**What the task asks**: With the pictures removed, please write out every line below exactly as given.

**Exercise data**:
Content starts

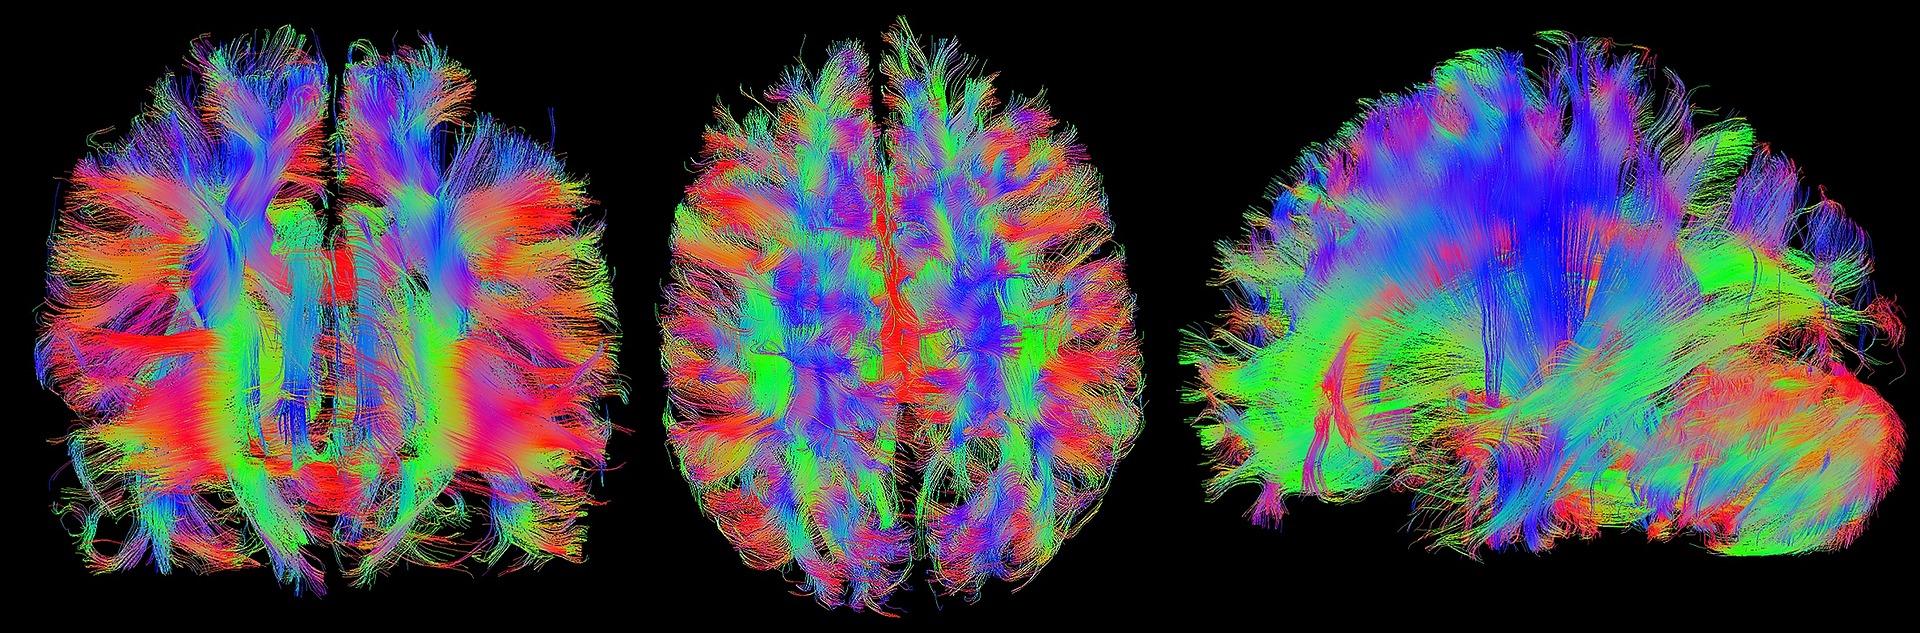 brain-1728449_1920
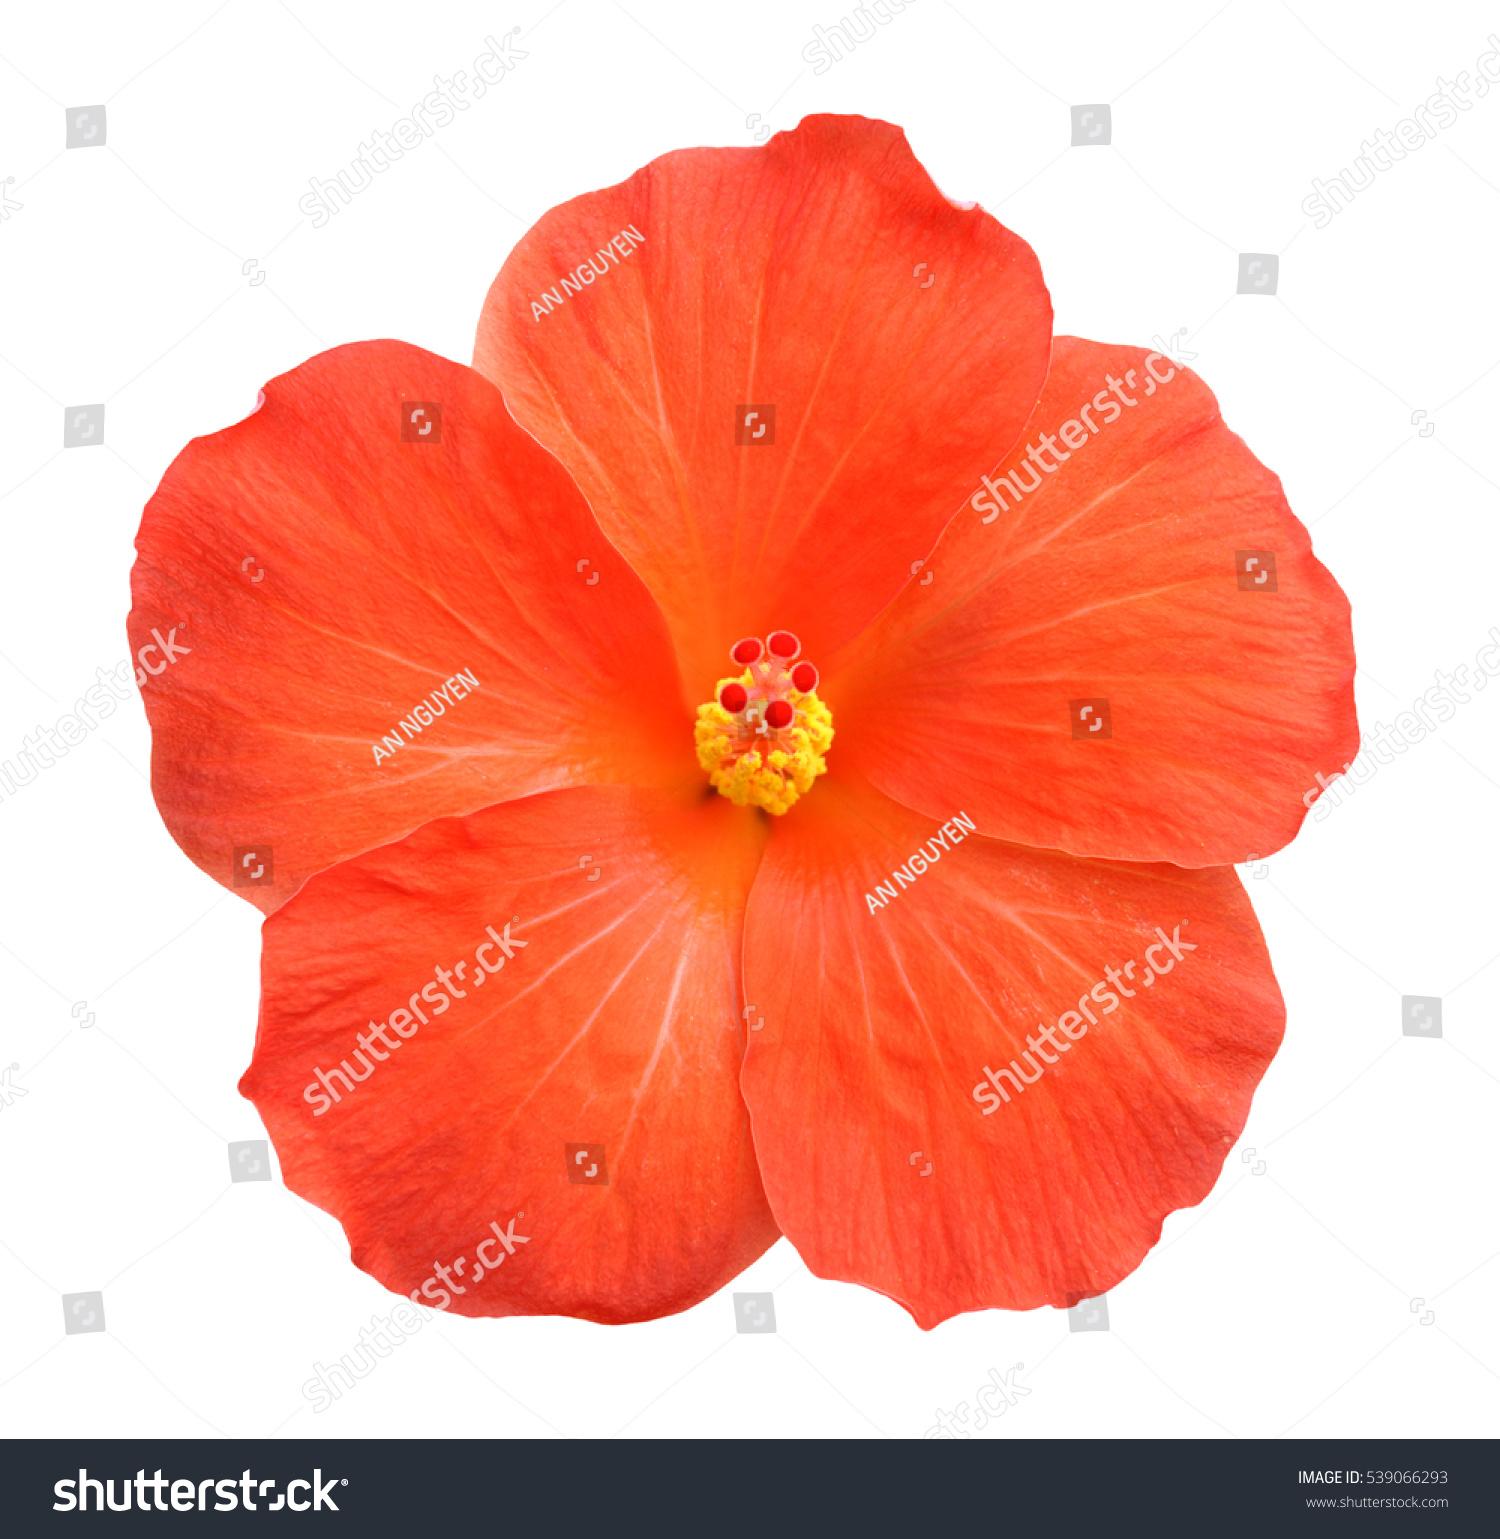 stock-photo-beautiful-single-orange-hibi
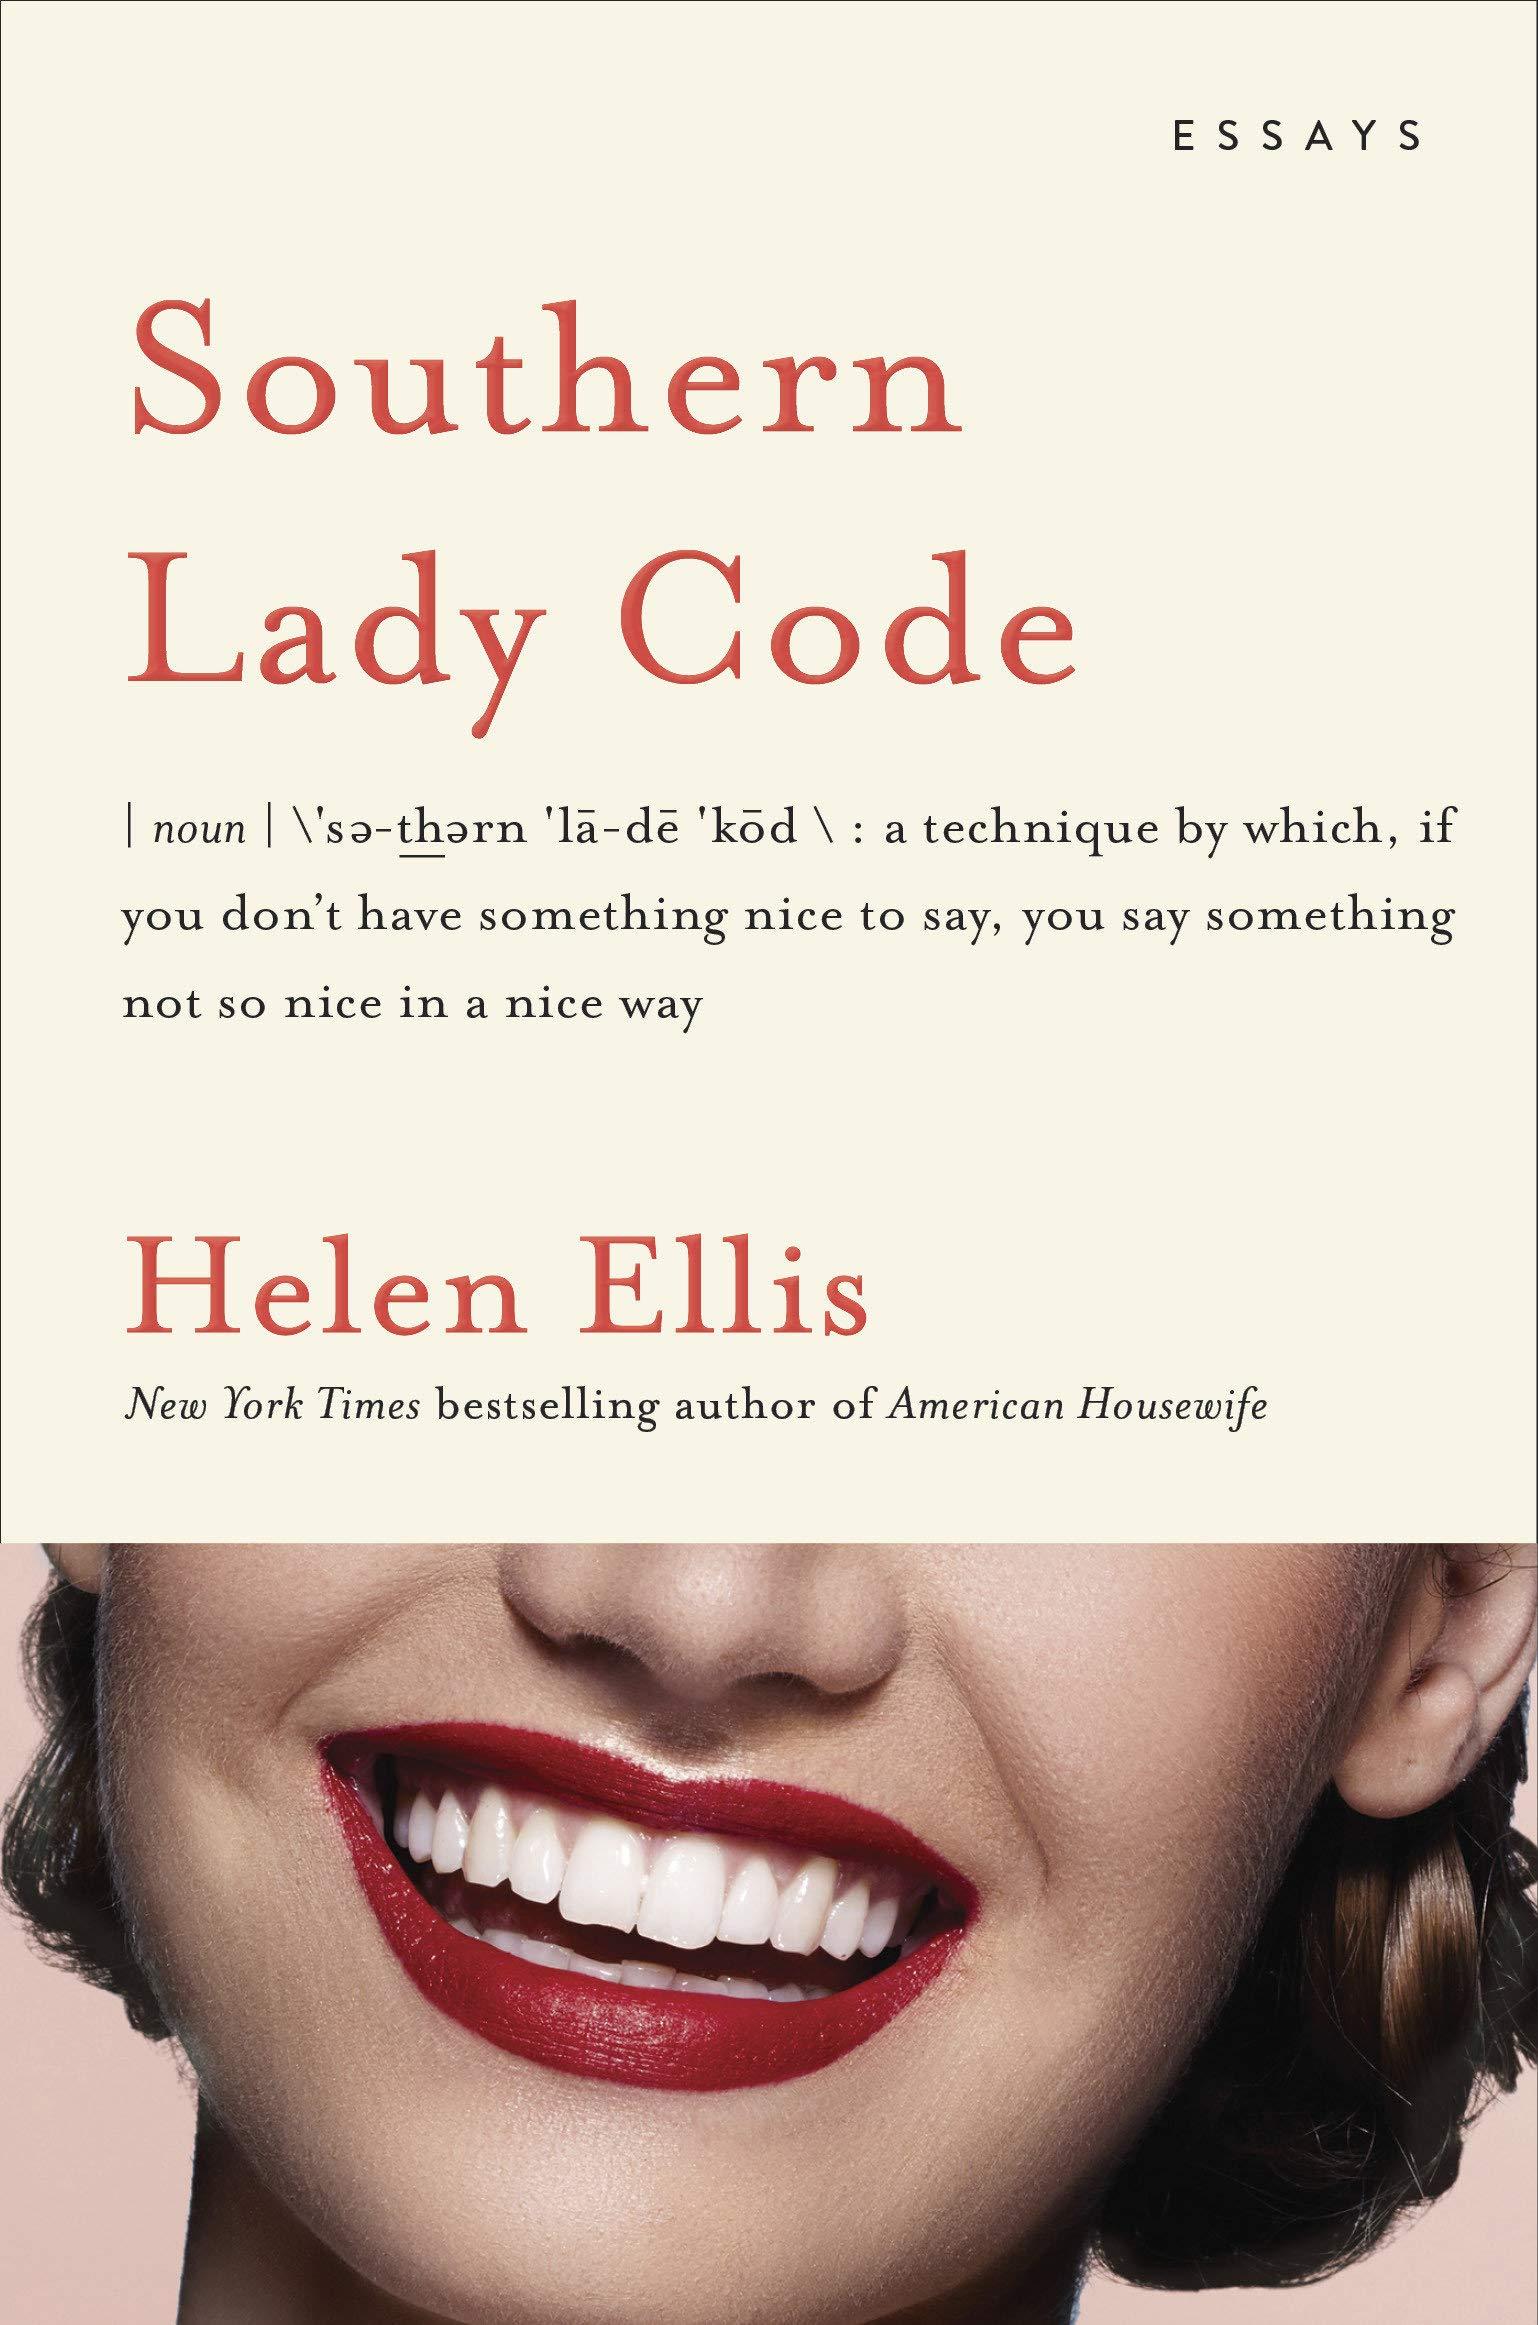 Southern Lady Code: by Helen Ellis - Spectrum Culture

Content ends

**Reply**:
 brain-1728449_1920
 stock-photo-beautiful-single-orange-hibi
 Southern Lady Code: by Helen Ellis - Spectrum Culture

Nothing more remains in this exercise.